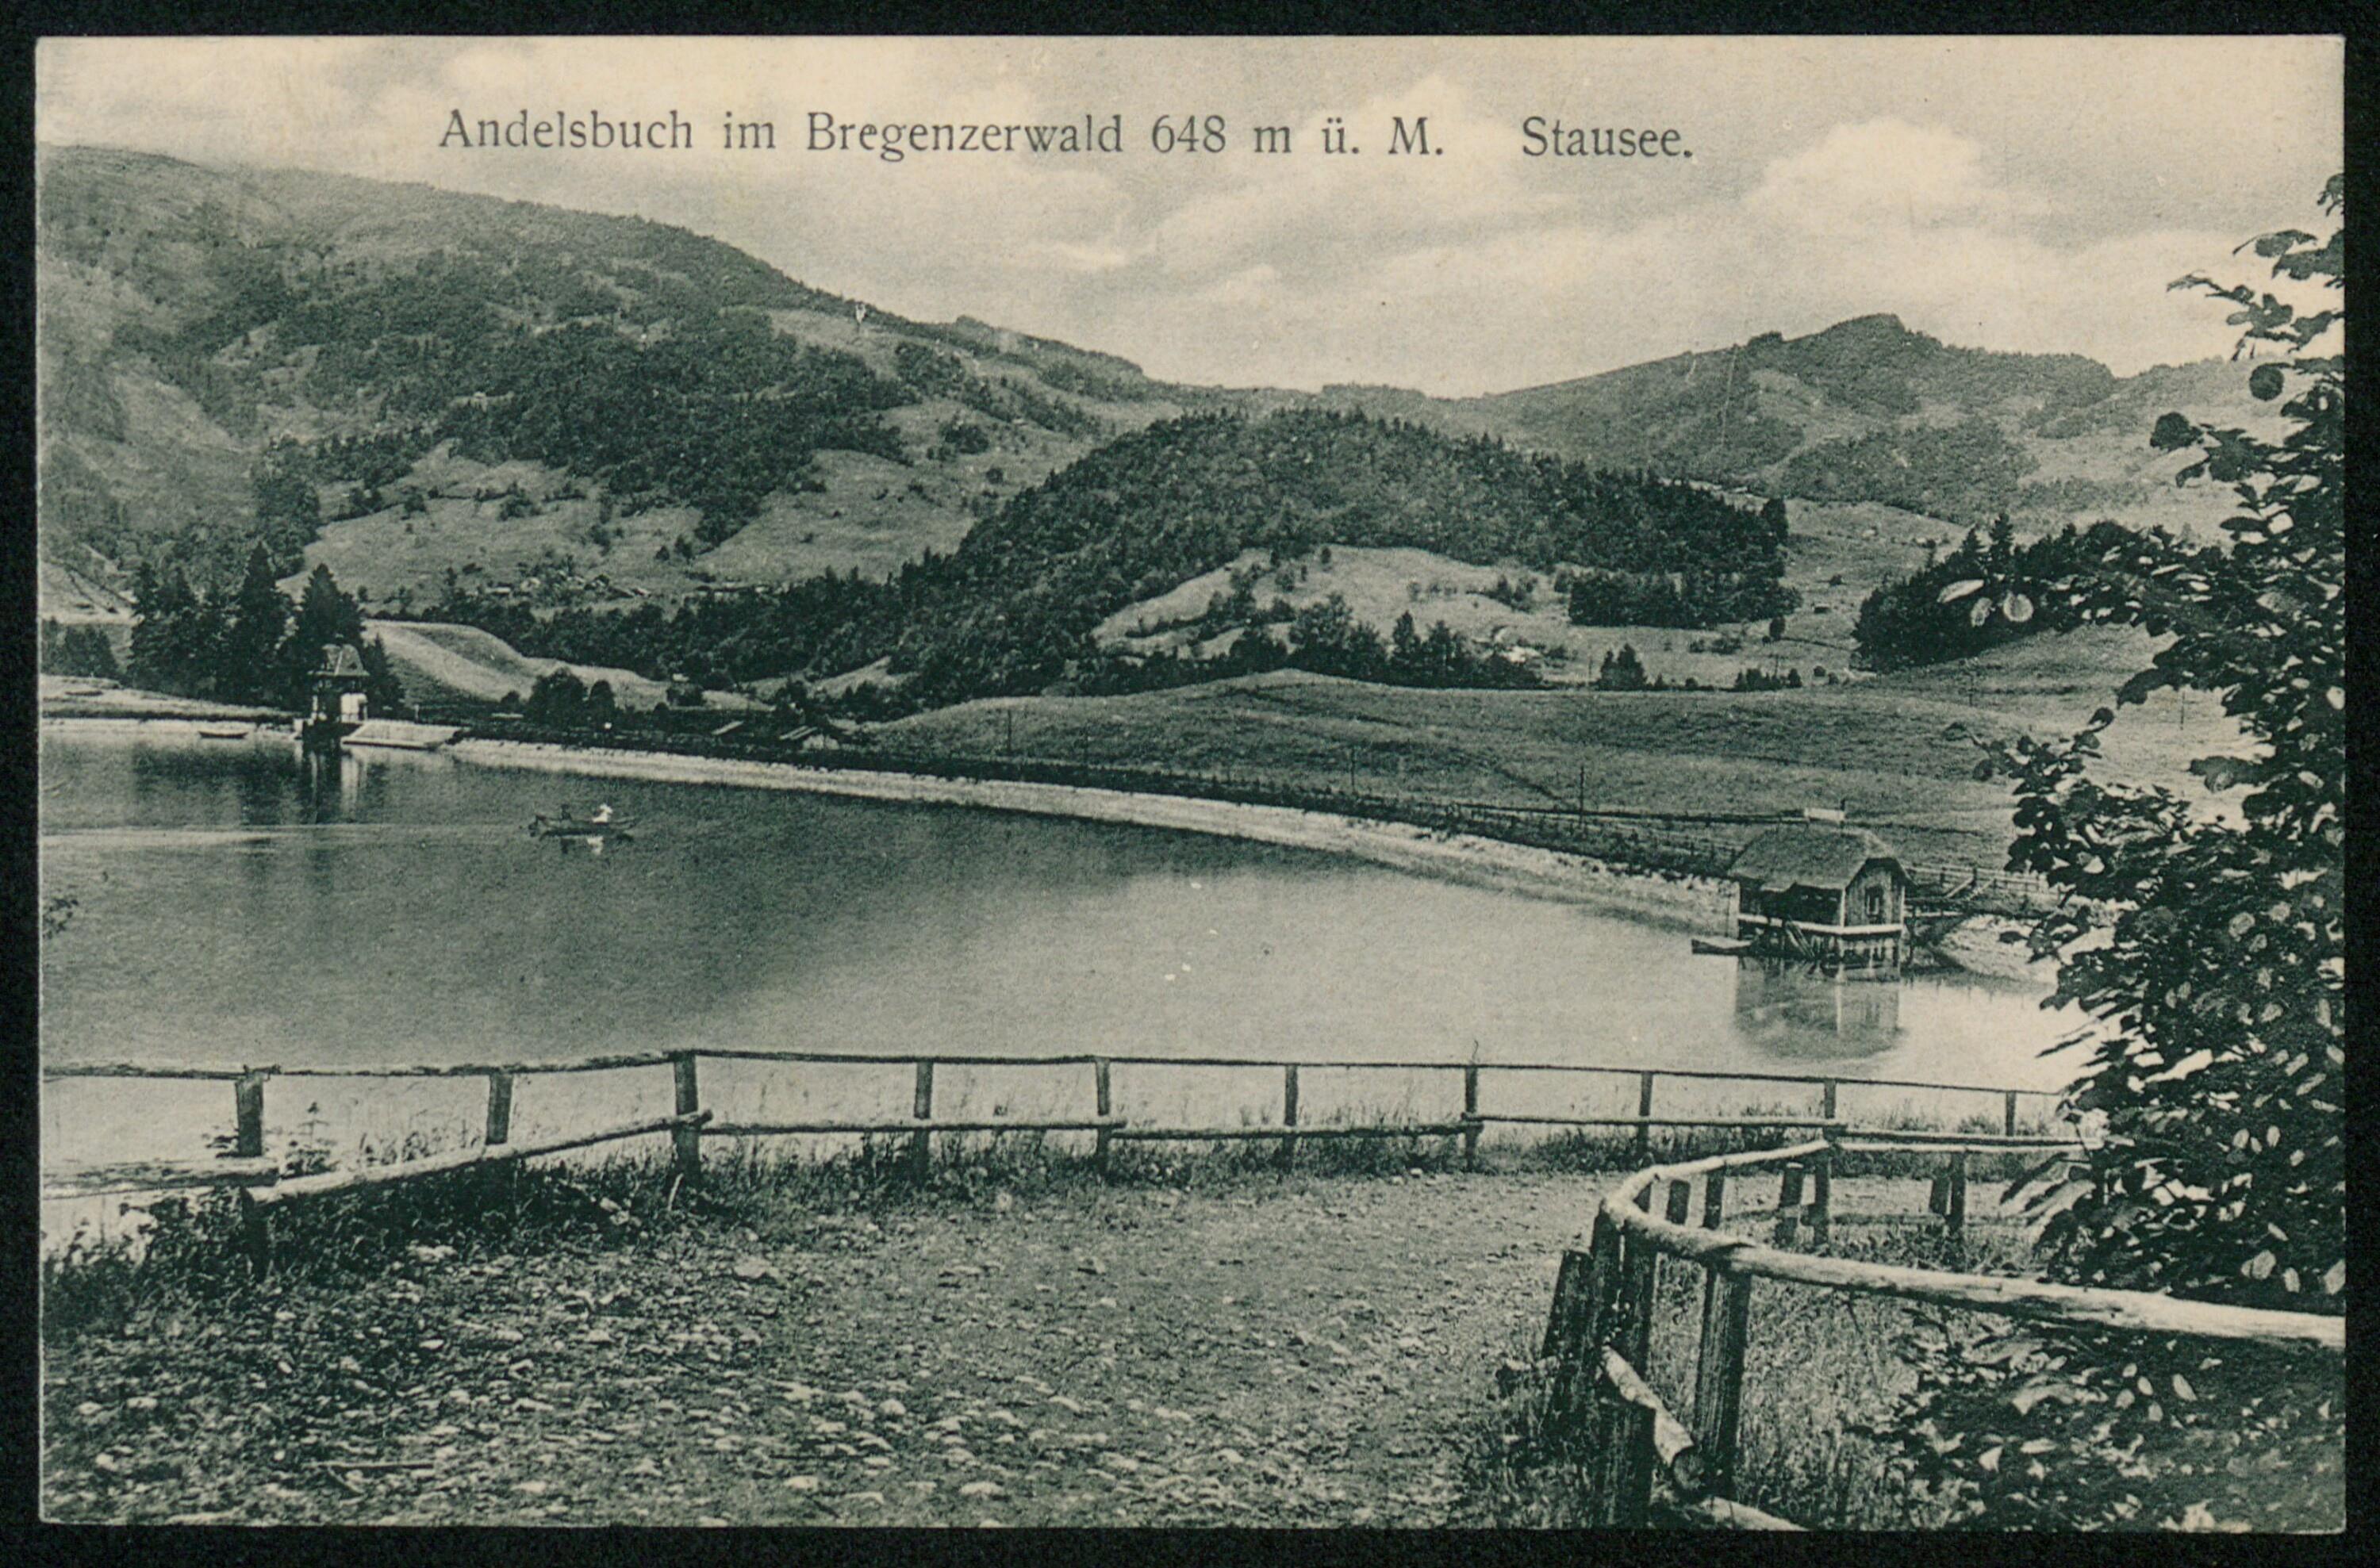 Andelsbuch im Bregenzerwald 648 m ü. M. Stausee></div>


    <hr>
    <div class=
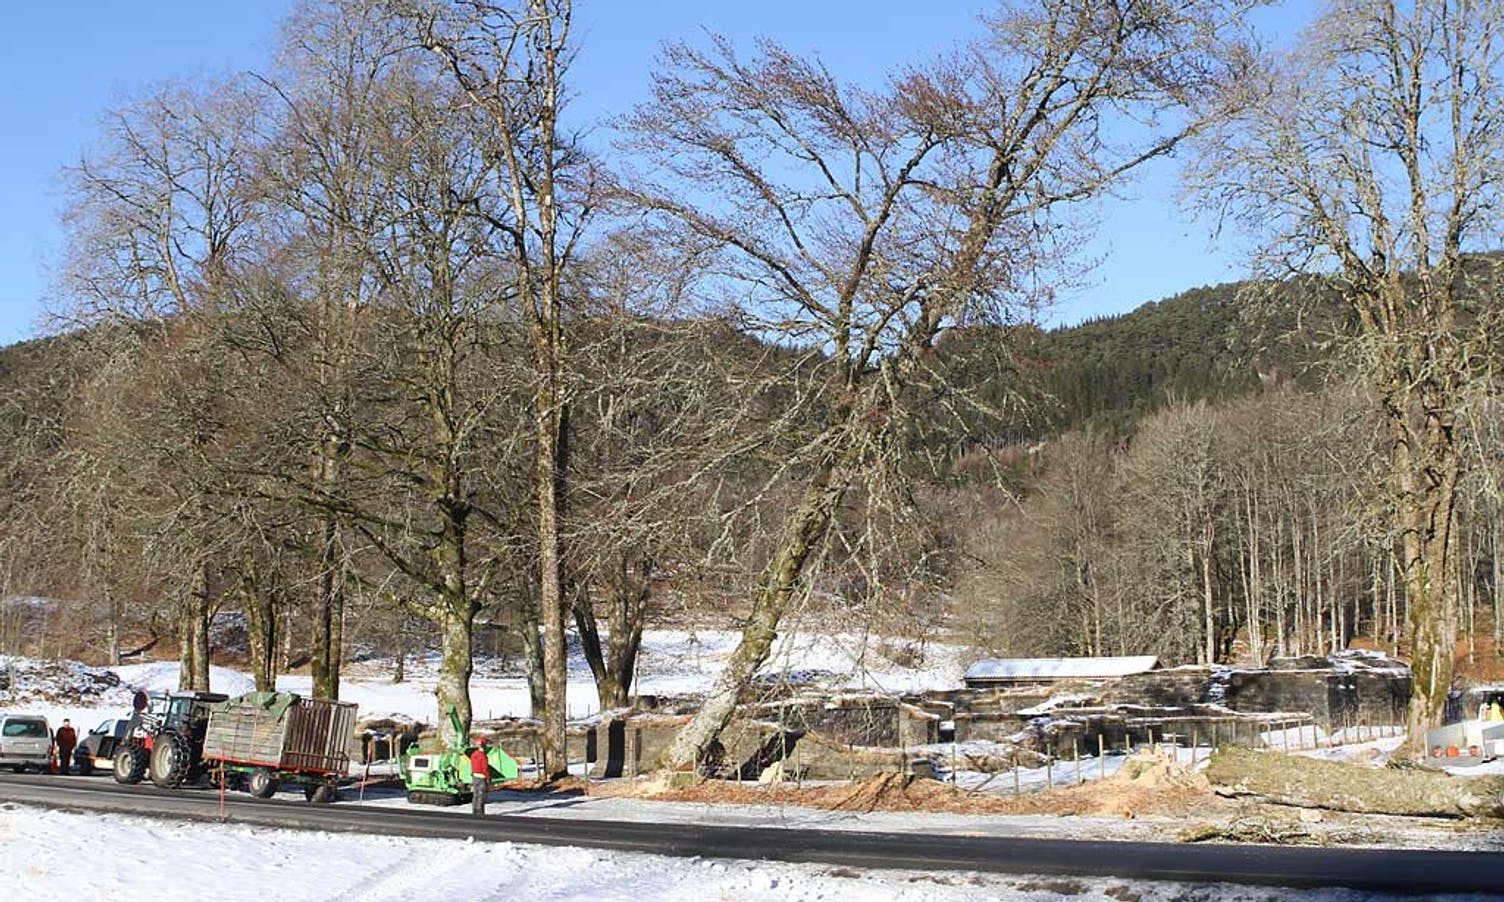 11. februar i fjor gjekk almen ved Lyse kloster i bakken. (Foto: Kjetil Vasby Bruarøy)

▶ [Task description]: Any images must be dropped; all other material is to be printed exactly.

▶ [The answer]:
 Andelsbuch im Bregenzerwald 648 m ü. M. Stausee></div>


    <hr>
    <div class=
 11. februar i fjor gjekk almen ved Lyse kloster i bakken. (Foto: Kjetil Vasby Bruarøy)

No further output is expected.